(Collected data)
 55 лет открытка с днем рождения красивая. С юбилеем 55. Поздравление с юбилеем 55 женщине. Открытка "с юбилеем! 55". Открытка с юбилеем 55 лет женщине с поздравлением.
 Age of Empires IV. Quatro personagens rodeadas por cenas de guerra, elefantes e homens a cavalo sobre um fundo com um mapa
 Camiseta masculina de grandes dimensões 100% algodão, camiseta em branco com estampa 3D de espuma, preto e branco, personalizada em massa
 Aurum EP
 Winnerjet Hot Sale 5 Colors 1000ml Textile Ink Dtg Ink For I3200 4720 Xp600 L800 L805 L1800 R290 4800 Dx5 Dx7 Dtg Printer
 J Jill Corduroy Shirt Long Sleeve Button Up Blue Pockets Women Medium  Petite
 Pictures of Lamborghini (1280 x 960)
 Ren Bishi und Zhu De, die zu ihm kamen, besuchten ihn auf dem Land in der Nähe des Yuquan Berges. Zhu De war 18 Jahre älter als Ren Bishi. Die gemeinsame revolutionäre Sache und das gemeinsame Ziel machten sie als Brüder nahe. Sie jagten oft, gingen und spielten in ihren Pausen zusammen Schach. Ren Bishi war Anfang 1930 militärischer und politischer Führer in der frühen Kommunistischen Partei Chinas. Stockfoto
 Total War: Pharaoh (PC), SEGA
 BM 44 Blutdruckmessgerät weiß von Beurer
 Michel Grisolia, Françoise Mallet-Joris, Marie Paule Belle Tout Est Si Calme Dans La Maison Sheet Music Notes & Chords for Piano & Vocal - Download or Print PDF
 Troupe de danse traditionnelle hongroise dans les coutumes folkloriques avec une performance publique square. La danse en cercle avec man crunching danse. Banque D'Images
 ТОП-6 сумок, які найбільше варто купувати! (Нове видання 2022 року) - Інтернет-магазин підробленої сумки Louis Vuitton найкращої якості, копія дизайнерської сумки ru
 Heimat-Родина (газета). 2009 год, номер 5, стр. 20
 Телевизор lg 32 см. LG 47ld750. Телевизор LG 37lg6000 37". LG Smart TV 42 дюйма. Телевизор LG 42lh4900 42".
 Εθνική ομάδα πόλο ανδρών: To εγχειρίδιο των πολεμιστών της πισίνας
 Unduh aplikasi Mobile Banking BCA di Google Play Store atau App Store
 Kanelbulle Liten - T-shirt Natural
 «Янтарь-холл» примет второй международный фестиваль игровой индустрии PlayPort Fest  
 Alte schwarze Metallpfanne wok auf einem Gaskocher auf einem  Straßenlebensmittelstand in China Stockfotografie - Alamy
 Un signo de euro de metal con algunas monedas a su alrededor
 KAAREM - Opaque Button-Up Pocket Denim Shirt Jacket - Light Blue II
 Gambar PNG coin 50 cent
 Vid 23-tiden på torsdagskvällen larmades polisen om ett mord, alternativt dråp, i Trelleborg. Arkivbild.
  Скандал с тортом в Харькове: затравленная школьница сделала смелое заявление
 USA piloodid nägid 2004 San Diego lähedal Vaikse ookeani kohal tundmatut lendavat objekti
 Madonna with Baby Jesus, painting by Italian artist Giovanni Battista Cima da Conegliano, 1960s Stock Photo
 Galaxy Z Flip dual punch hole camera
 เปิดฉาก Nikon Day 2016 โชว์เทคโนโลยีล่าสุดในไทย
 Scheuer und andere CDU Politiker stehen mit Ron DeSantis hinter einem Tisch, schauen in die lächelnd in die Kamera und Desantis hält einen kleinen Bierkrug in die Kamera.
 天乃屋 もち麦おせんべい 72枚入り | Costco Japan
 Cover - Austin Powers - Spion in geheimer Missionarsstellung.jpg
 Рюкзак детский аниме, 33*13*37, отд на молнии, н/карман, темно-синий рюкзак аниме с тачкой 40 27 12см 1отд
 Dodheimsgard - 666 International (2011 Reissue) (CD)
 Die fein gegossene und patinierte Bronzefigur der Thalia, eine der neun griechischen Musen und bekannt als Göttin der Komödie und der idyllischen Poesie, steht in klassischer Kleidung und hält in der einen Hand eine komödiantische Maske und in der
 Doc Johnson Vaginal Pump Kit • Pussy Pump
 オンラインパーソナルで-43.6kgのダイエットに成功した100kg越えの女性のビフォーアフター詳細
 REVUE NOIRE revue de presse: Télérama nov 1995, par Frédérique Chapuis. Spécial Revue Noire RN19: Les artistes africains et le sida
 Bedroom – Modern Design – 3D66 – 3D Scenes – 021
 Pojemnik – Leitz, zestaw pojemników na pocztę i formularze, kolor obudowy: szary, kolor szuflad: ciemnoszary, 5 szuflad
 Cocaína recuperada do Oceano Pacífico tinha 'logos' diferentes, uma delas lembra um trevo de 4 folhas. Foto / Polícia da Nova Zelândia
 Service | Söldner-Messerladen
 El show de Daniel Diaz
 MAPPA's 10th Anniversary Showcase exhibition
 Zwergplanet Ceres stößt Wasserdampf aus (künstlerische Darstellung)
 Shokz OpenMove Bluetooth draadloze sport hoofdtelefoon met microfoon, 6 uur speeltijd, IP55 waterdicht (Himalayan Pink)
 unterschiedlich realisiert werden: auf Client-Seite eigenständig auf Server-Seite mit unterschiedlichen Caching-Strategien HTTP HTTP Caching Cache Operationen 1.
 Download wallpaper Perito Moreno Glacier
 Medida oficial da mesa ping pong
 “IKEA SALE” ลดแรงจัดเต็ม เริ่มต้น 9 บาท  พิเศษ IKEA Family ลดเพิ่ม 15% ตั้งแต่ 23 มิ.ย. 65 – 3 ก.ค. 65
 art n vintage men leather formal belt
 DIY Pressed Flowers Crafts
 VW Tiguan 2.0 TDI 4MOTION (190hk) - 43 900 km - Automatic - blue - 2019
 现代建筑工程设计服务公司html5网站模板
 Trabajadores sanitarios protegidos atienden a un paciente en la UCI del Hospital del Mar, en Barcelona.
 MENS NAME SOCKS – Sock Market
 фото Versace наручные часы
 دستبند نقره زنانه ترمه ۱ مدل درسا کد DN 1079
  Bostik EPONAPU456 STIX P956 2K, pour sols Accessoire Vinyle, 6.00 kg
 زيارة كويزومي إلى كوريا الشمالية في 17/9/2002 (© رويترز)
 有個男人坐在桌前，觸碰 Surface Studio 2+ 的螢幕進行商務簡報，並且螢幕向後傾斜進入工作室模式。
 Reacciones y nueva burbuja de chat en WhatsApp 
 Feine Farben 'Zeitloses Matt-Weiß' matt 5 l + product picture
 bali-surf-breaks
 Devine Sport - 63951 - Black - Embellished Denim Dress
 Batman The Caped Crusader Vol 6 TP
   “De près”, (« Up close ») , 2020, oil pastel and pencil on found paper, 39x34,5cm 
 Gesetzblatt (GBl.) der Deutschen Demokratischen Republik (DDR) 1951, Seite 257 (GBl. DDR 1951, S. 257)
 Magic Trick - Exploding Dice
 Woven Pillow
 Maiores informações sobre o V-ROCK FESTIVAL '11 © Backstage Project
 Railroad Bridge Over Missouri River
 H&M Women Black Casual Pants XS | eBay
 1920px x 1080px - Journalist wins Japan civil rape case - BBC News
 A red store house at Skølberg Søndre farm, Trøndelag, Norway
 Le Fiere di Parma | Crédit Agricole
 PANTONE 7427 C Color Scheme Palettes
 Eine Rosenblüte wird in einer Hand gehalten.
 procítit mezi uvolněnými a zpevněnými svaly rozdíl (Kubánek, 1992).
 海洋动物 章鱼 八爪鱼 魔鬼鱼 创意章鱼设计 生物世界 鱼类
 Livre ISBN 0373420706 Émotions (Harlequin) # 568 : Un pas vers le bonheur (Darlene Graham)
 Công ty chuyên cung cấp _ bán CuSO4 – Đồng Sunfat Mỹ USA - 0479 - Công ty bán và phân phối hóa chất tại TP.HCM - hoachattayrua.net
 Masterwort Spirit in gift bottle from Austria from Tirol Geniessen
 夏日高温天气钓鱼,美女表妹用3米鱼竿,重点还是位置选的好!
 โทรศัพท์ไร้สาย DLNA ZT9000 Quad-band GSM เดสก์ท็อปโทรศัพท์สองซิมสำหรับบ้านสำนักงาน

- [Exercise goal]: Please return a copy of each line in the entries that has the string "sobre".

- [Solved exercise]:
 Age of Empires IV. Quatro personagens rodeadas por cenas de guerra, elefantes e homens a cavalo sobre um fundo com um mapa
 Maiores informações sobre o V-ROCK FESTIVAL '11 © Backstage Project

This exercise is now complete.